▶ _Work instructions_: Restate word for word the entries below, starting at the line with "Tabletop decor in" and ending at the line with "Get trendy with". Keep both end lines and omit the pictures.

Provided data below:

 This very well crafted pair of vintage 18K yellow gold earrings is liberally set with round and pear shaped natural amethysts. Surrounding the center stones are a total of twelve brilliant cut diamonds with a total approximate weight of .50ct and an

End of Provided data.
Provided data below:

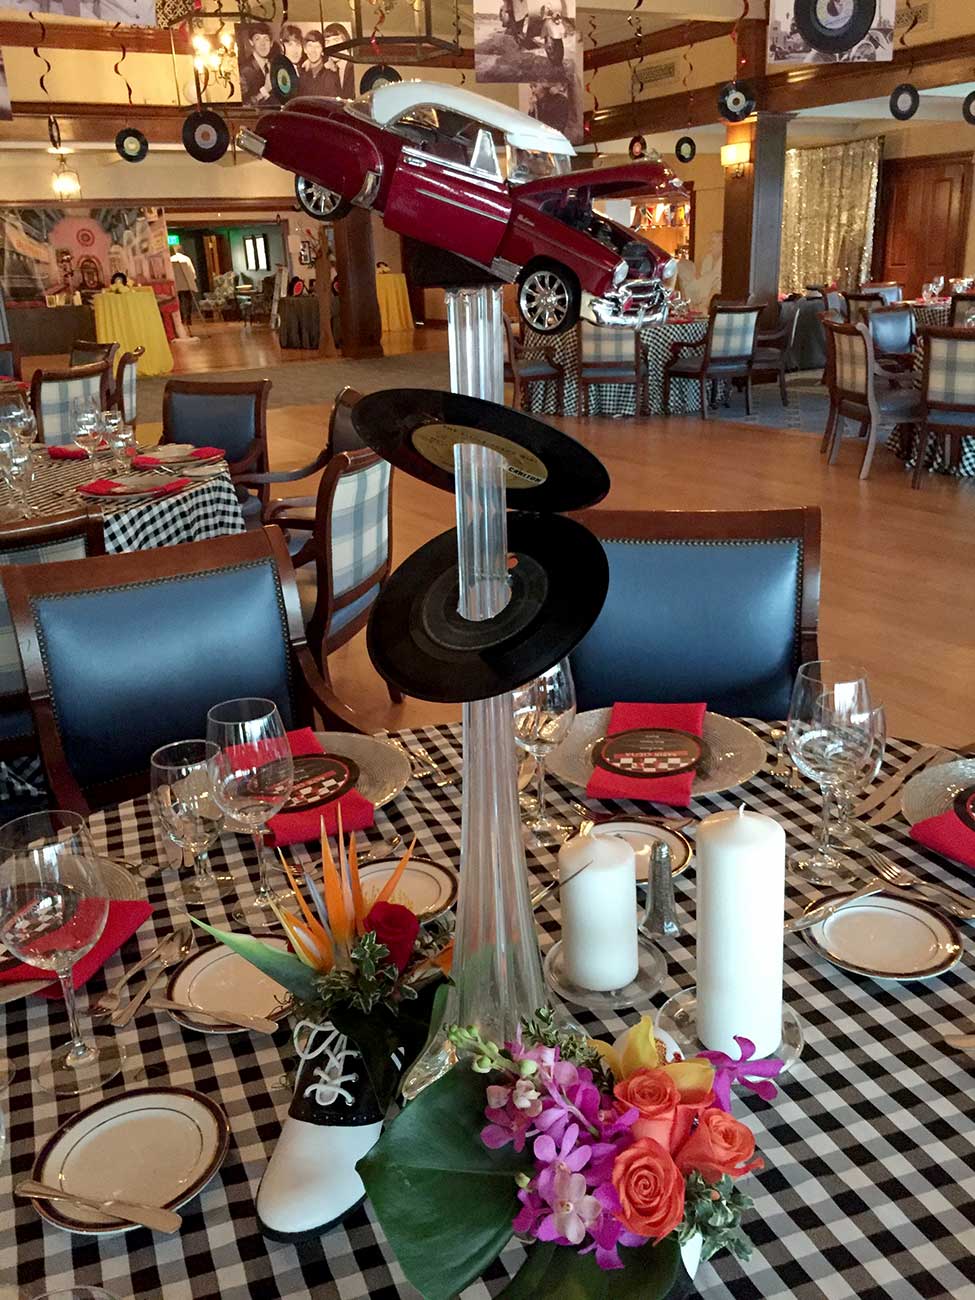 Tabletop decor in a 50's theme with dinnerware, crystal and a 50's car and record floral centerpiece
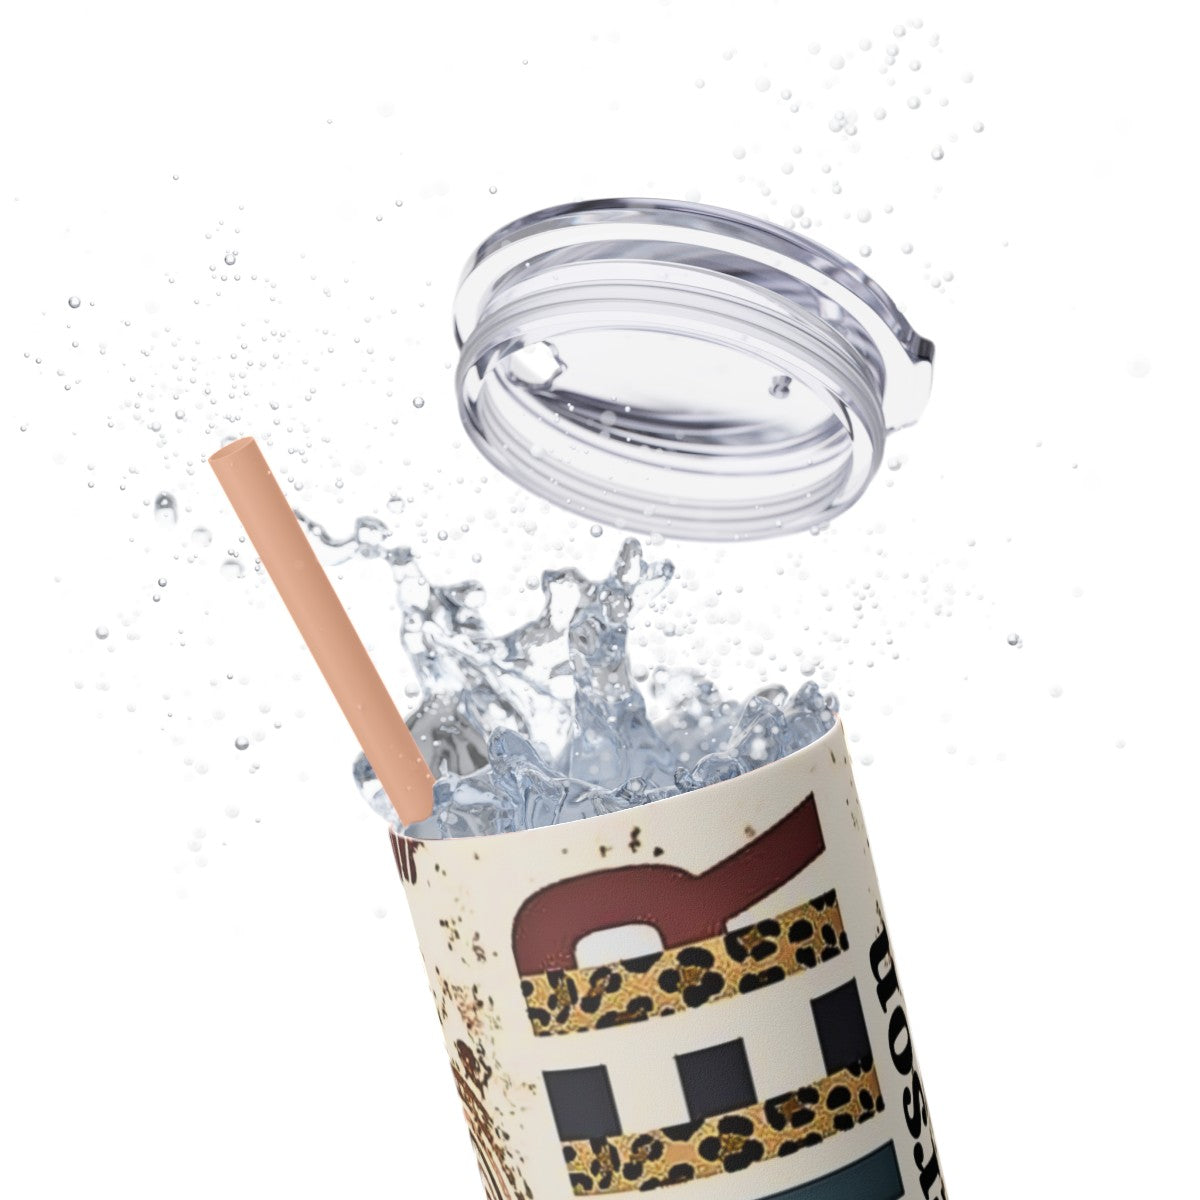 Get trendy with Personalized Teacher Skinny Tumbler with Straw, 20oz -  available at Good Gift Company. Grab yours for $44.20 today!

End of Provided data.

▶ _Written solution_:
 Tabletop decor in a 50's theme with dinnerware, crystal and a 50's car and record floral centerpiece
 Get trendy with Personalized Teacher Skinny Tumbler with Straw, 20oz -  available at Good Gift Company. Grab yours for $44.20 today!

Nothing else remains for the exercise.